__What is required__:
Among the lines of the listing below, retype exactly those from the one containing "ブラック サイズ:44 【070220】(マルニ)" through the one containing "安踏男鞋运动鞋秋季透气跑步鞋2019新款官网面男士休闲黑色鞋子夏", both included. Do not include pictures.

__Input records__:
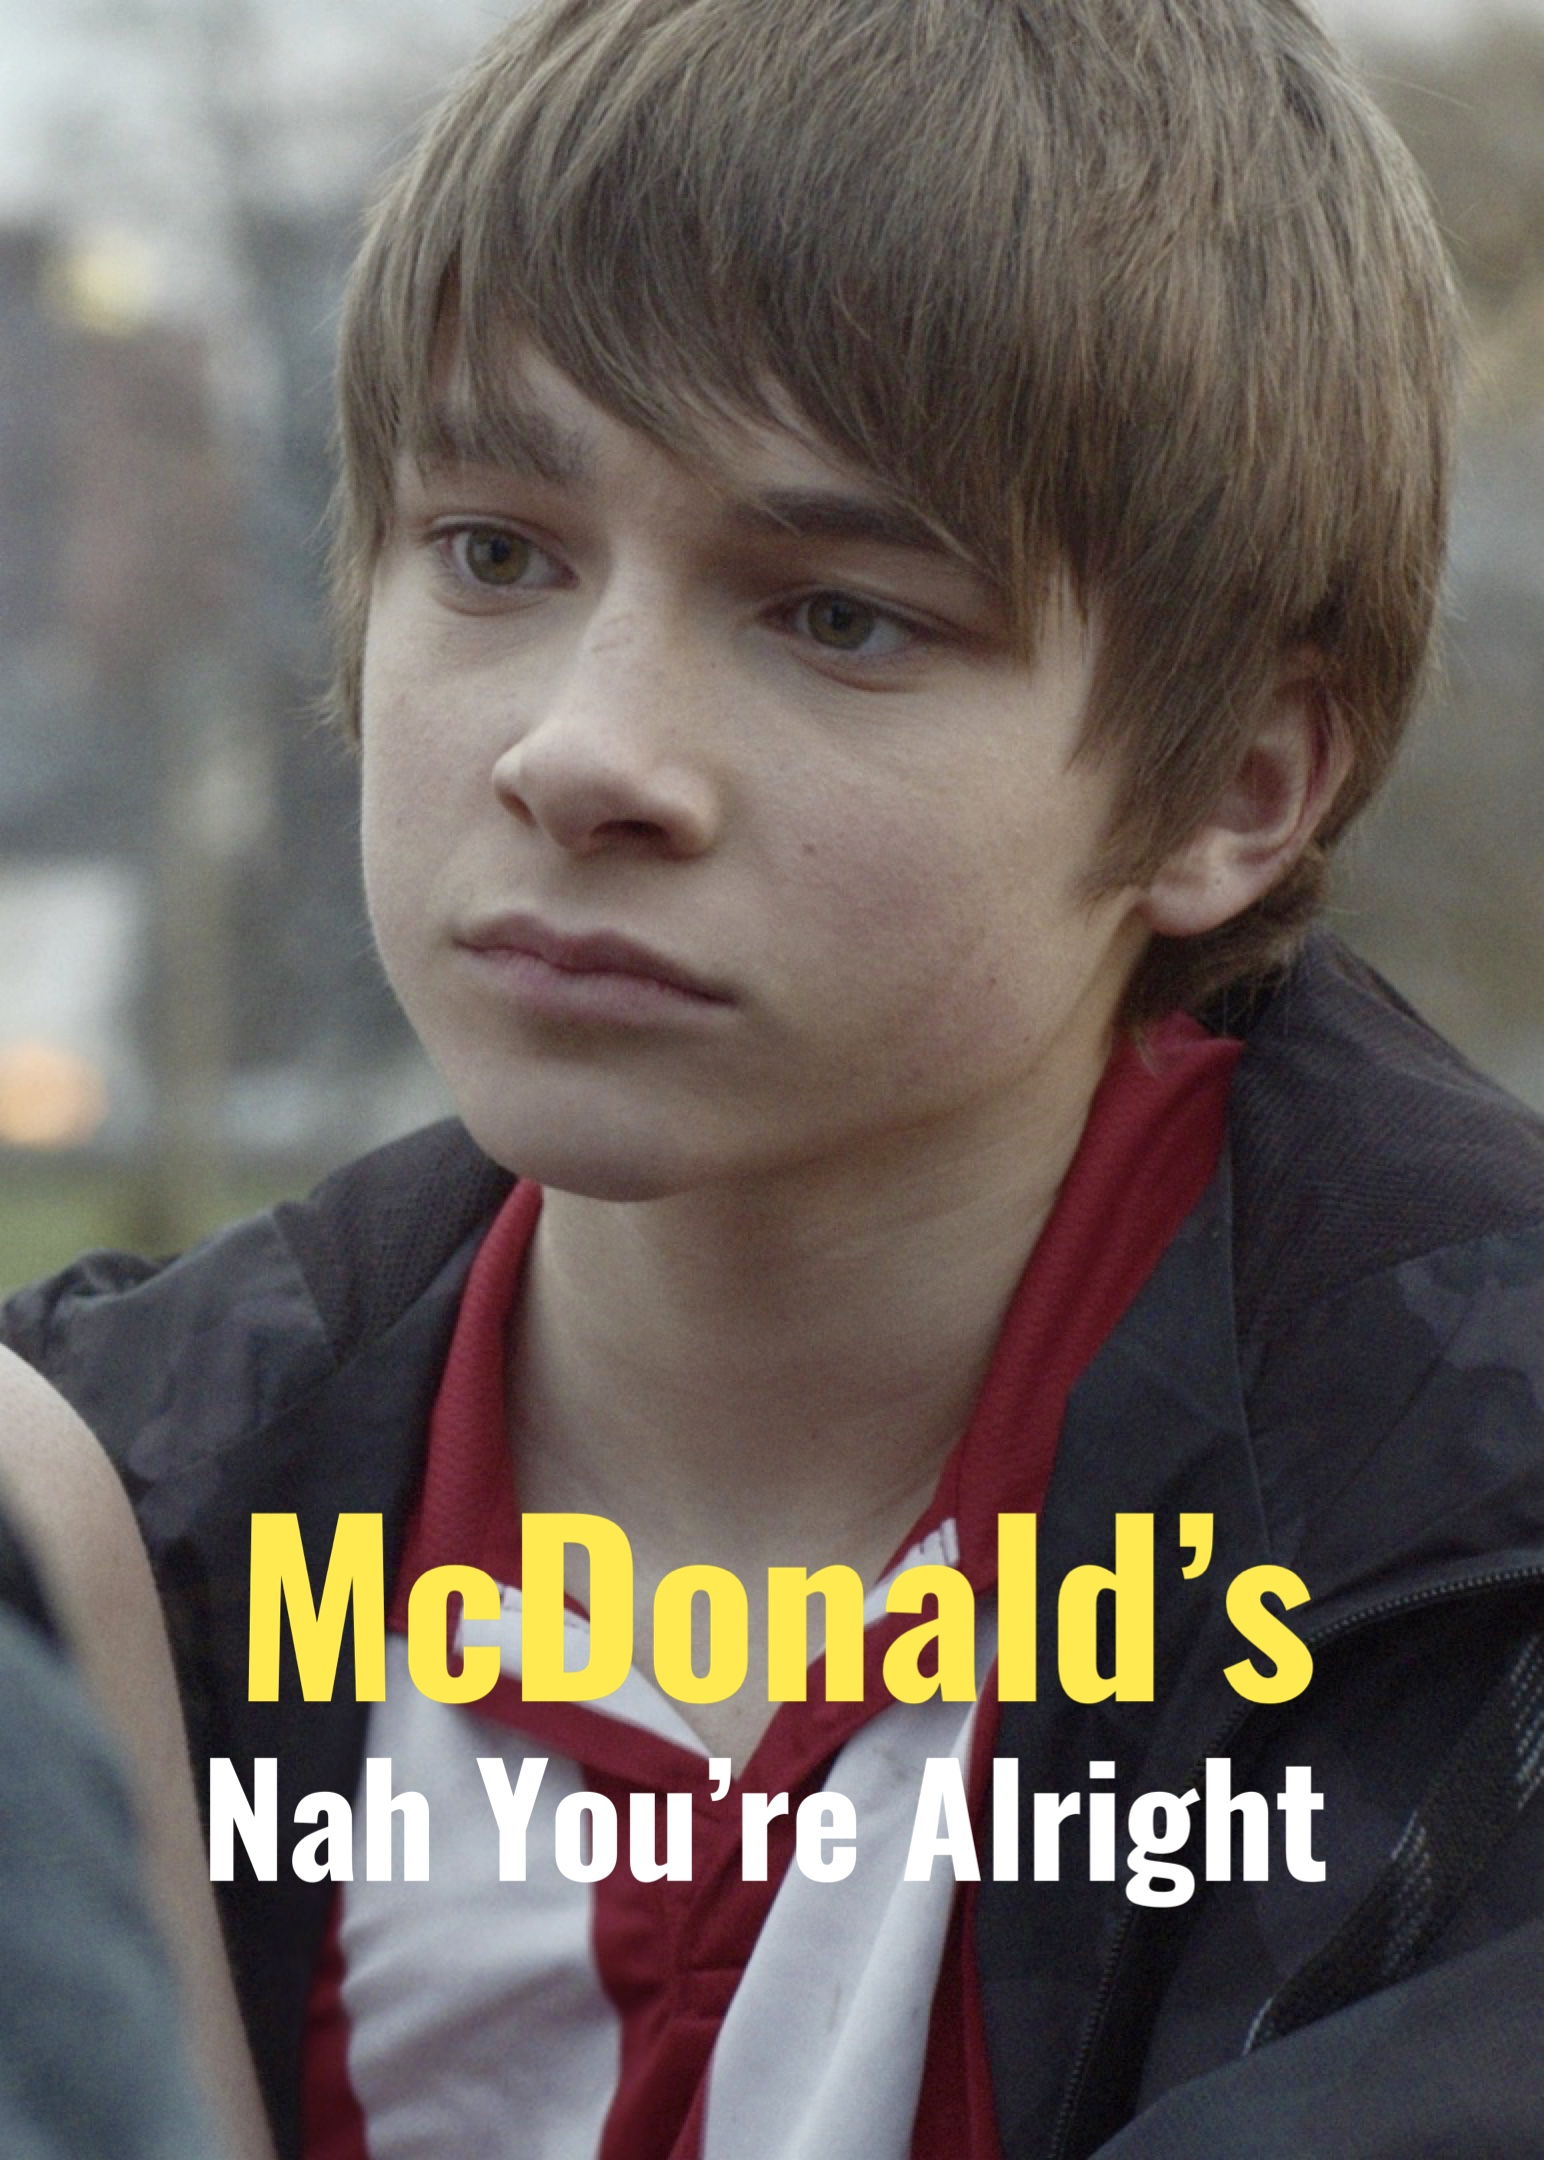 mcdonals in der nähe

==

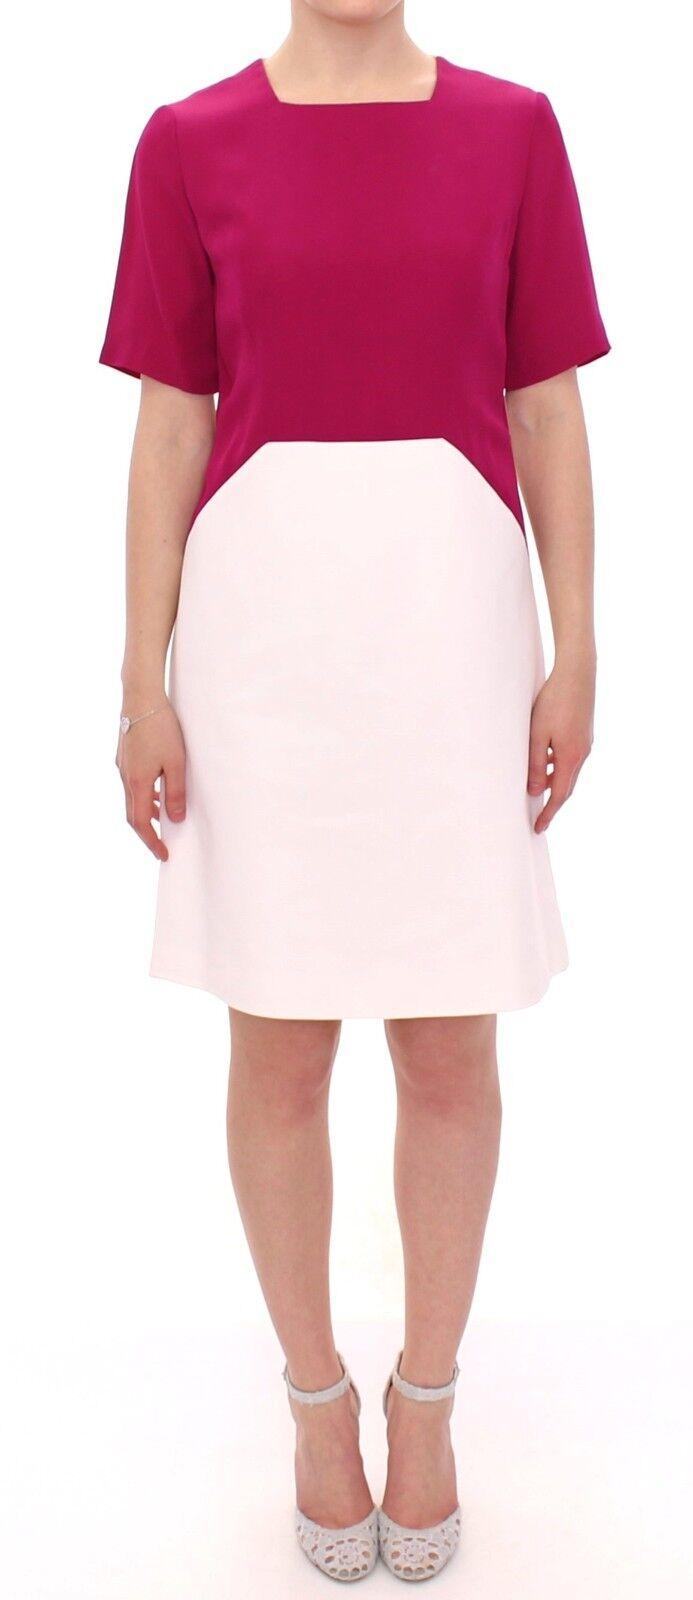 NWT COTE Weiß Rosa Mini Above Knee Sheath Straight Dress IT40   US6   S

--

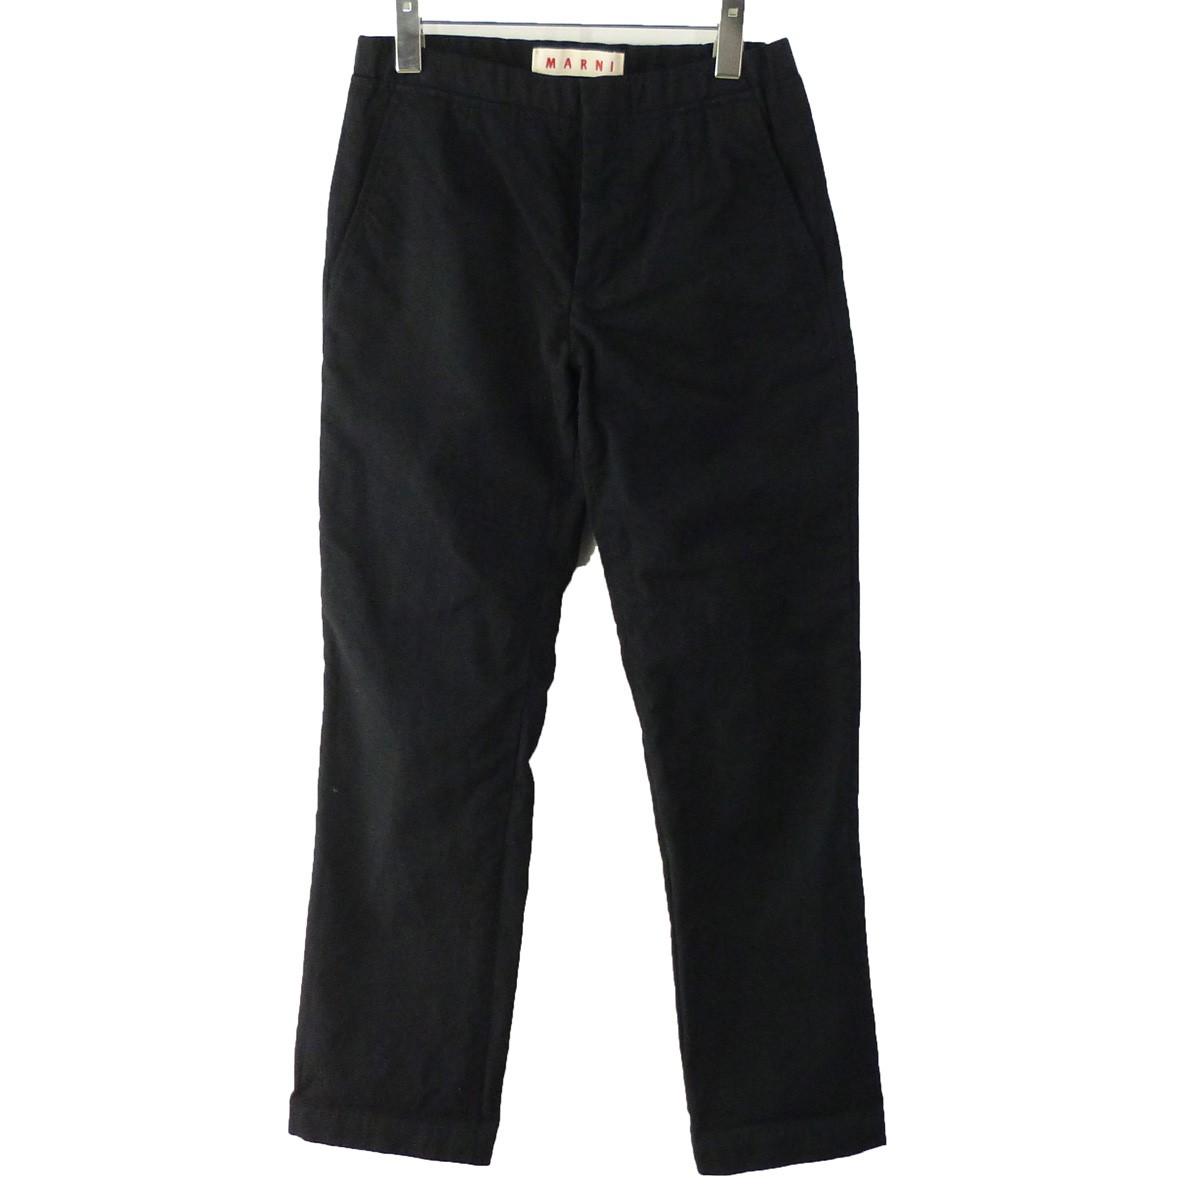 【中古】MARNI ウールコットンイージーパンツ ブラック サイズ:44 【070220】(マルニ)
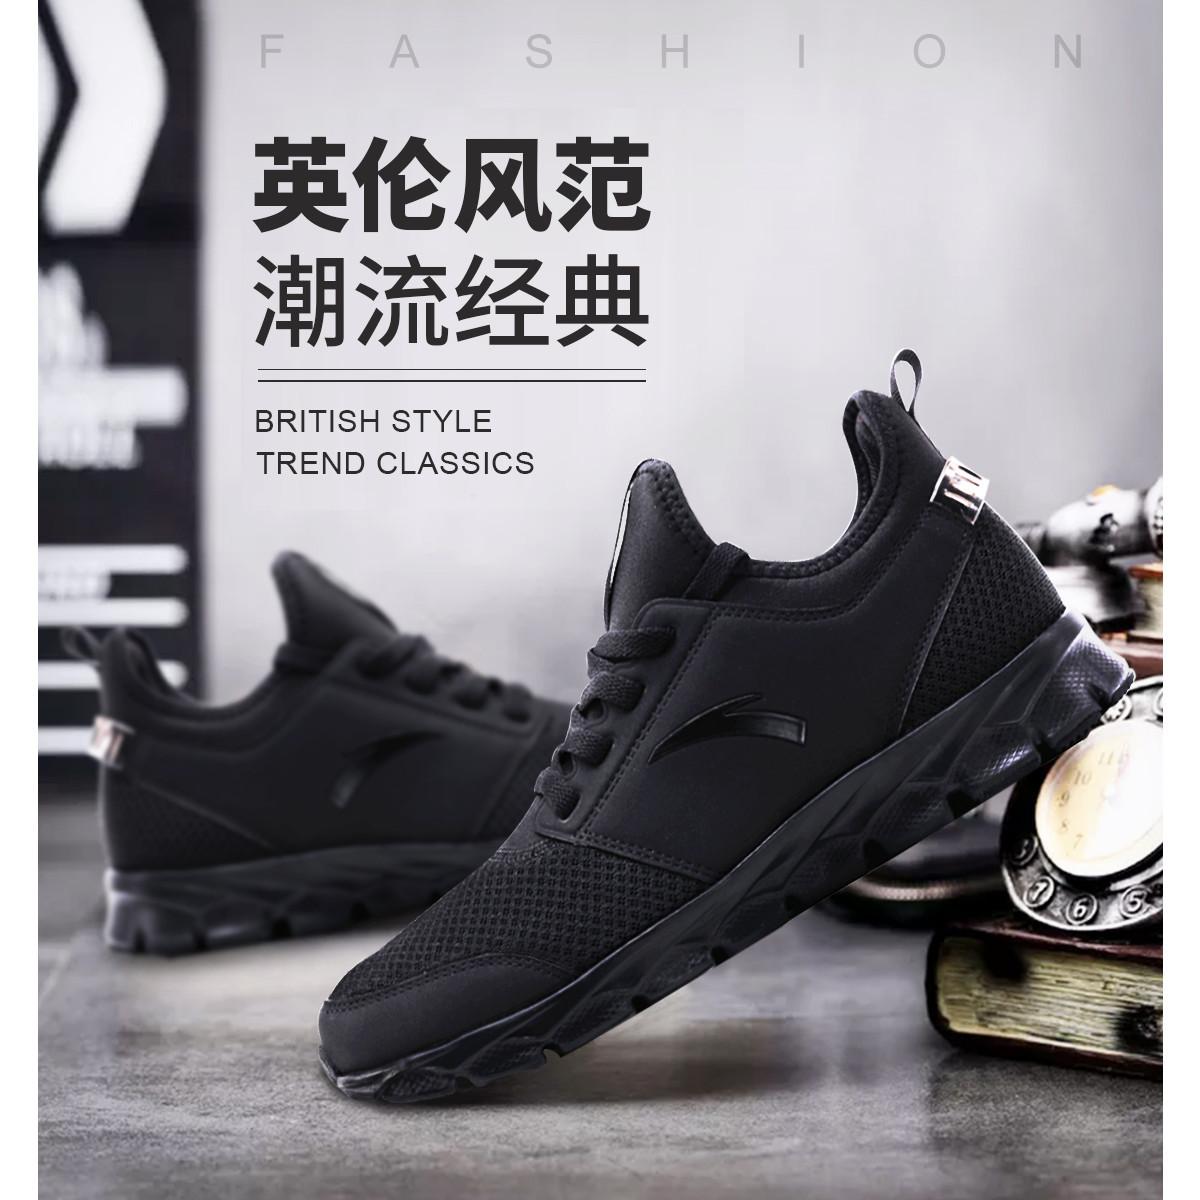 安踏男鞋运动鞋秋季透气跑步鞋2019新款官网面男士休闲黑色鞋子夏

__Reply__:
 【中古】MARNI ウールコットンイージーパンツ ブラック サイズ:44 【070220】(マルニ)
 安踏男鞋运动鞋秋季透气跑步鞋2019新款官网面男士休闲黑色鞋子夏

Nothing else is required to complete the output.